Most of the students come across the solution of linear and quadratic equations in their secondary classes. While the solution of a linear equation $ax + b = 0$ with $a, b$ being rational does not present any difficulties (because the solution $x$ itself turns out to be a rational number), a quadratic equation of the form $ax^{2} + bx + c = 0$ (with $a, b, c$ rational) does present significant challenges. For one thing the solution may not be rational and sometimes may not be even real. Usually one encounters the use of square roots to solve such an equation. Fortunately there is a standard formula for solving such equations $$x = \frac{-b \pm \sqrt{b^{2} - 4ac}}{2a}$$ so that the equation can be solved directly in terms of its literal coefficients.

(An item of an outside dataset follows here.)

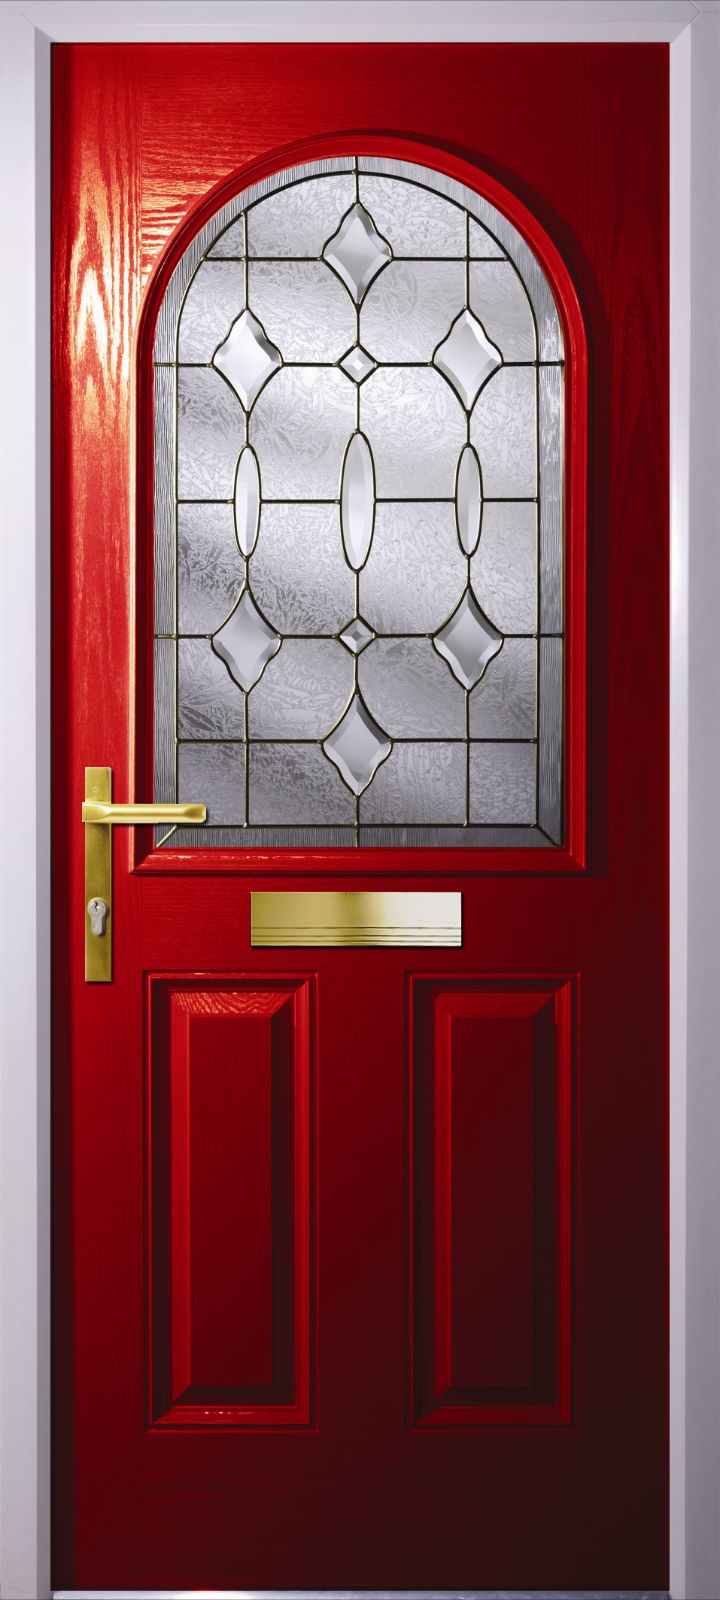 19 Best Red Doors Images On Pinterest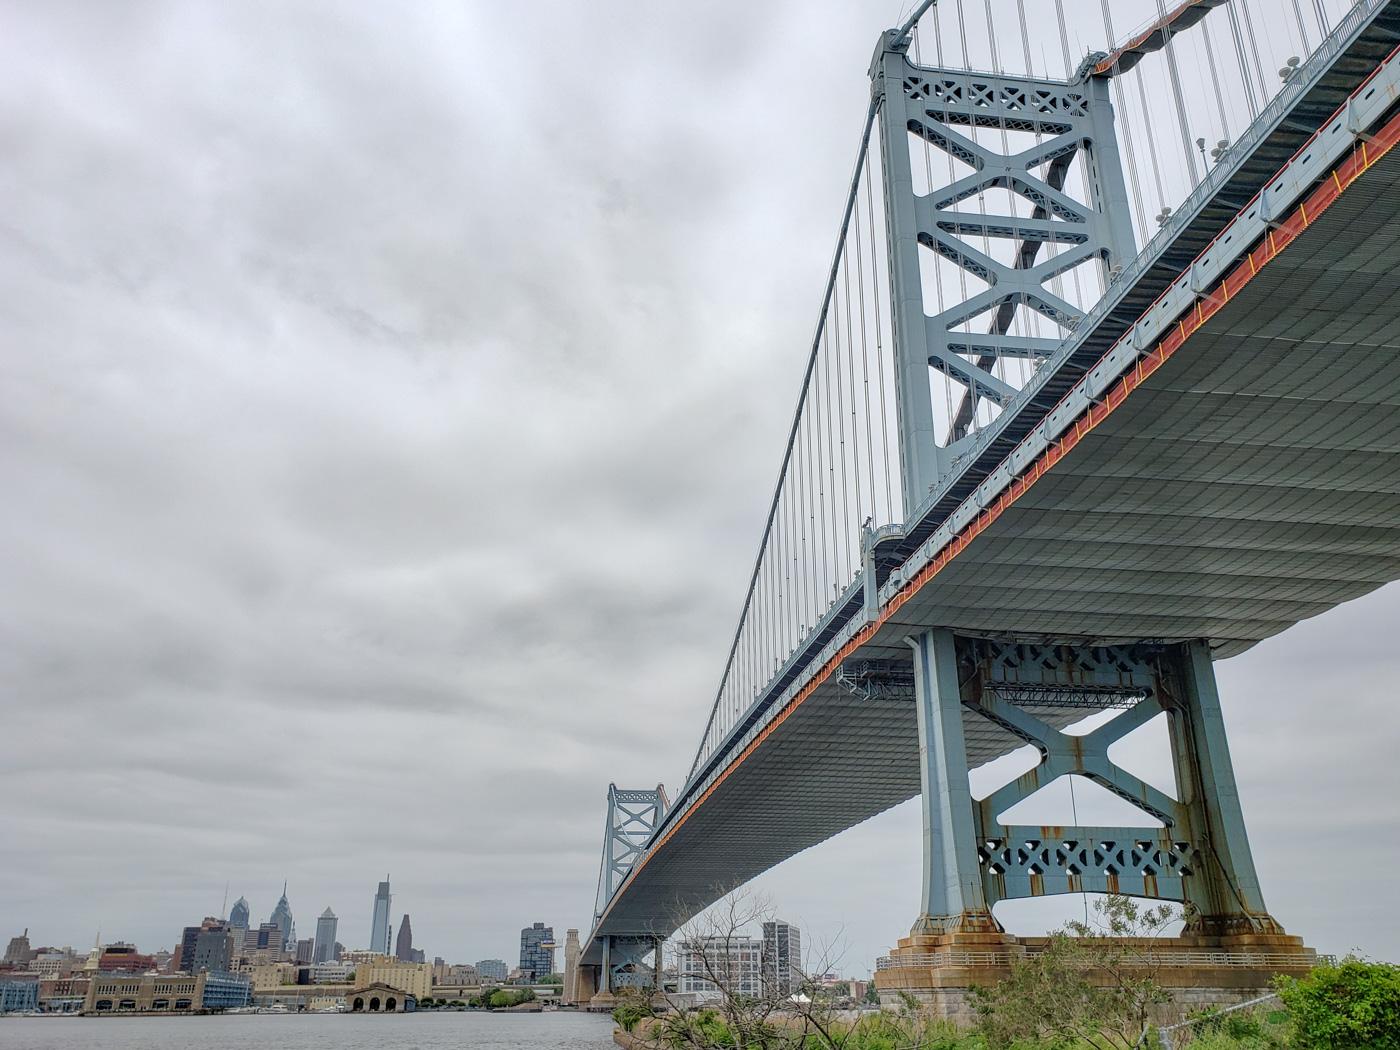 Benjamin Franklin Bridge from the Jersey Side

Many mathematicians tried to extend these ideas to solve the equations of third and fourth degrees. Thus during the 16th century Cardano solved the cubic and Ferrari solved the quartic equation. Later in the 18th century Lagrange published his classic work "Reflexions sur la resolution algébrique des equations" in which he unified the existing methods of solving equations upto degree $4$. He hoped that unifying all the available approaches into one coherent theory would help in solving higher degree equations. But neither Lagrange nor any other mathematician was able to provide a solution to quintics (equations of degree $5$) or higher degree equations. Then in 1824 a young Nowergian mathematician Niels Henrik Abel proved that it is not possible to solve a quintic equation in the same way as it is possible to solve equations of degree $2, 3$ or $4$.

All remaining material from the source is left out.